A three-dimensional constitutive model for shape memory alloy considering transformation-induced plasticity, two-way shape memory effect, plastic yield and tension-compression asymmetry

Abstract

In this paper, a three-dimensional phenomenological constitutive model for shape memory alloys (SMA) is proposed with consideration given to various thermomechanical mechanisms. This model includes, for the first time in literature, the major mechanisms influencing the behaviors of SMA actuators in a unified thermodynamics framework: transformation-induced plasticity (TRIP), two-way shape memory effect (TWSME), plastic yield as well as tension-compression asymmetry. Furthermore, a new method to address the characteristics of transformation strain varying with stress levels was proposed.

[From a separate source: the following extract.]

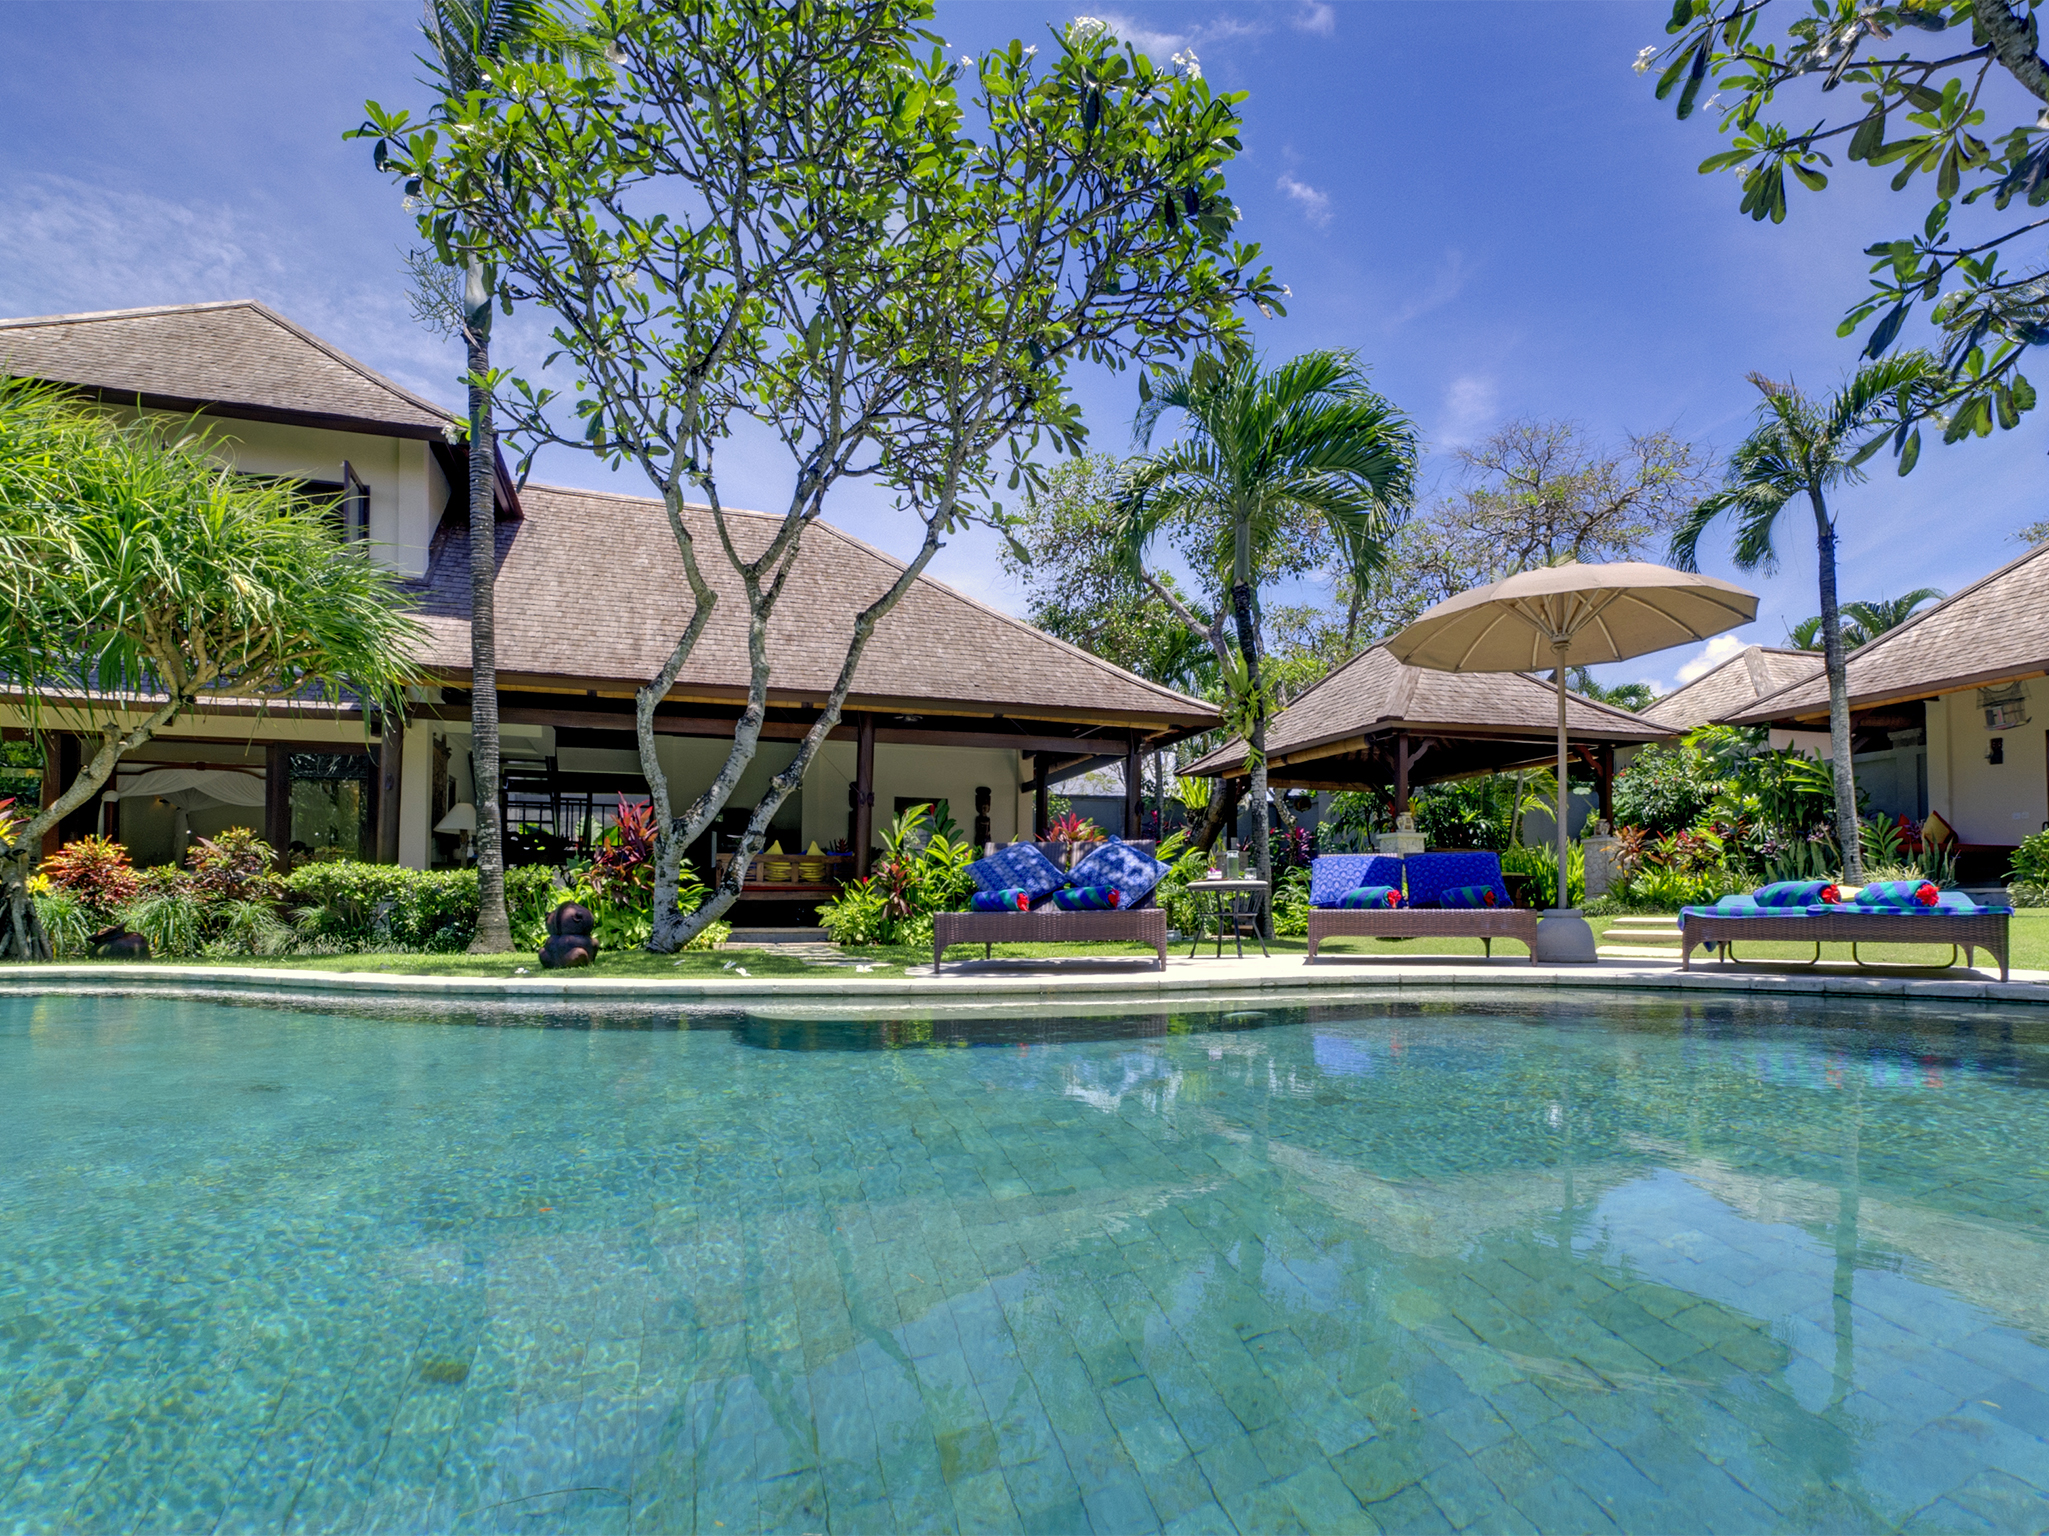 Villa Kakatua - Pool and villa - Villa Kakatua, Canggu, Bali

Moreover, a new transformation hardening function was proposed which can give a more accurate prediction of the transformation process. The three-dimensional constitutive model is solved using return mapping algorithm for an increment in a material point in the form of strain and temperature increment. The complete algorithm is proposed and the user-defined material subroutine (UMATs) for finite element problem is established. To validate the proposed SMA constitutive model, the parameters of the SMA material are determined through uniaxial tensile tests. The SMA tubes of the same material are used to conduct both experiments and simulation, with tension-compression asymmetry considered. Training experiments and simulations have been carried out on the SMA tubes, with evident TWSME observed. The typical loading conditions to trigger simultaneous transformation and plastic yield were designed, with experiments and simulations performed. According to the results, the SMA constitutive model is effective in capturing the thermomechanical response of SMA structures under various loading conditions.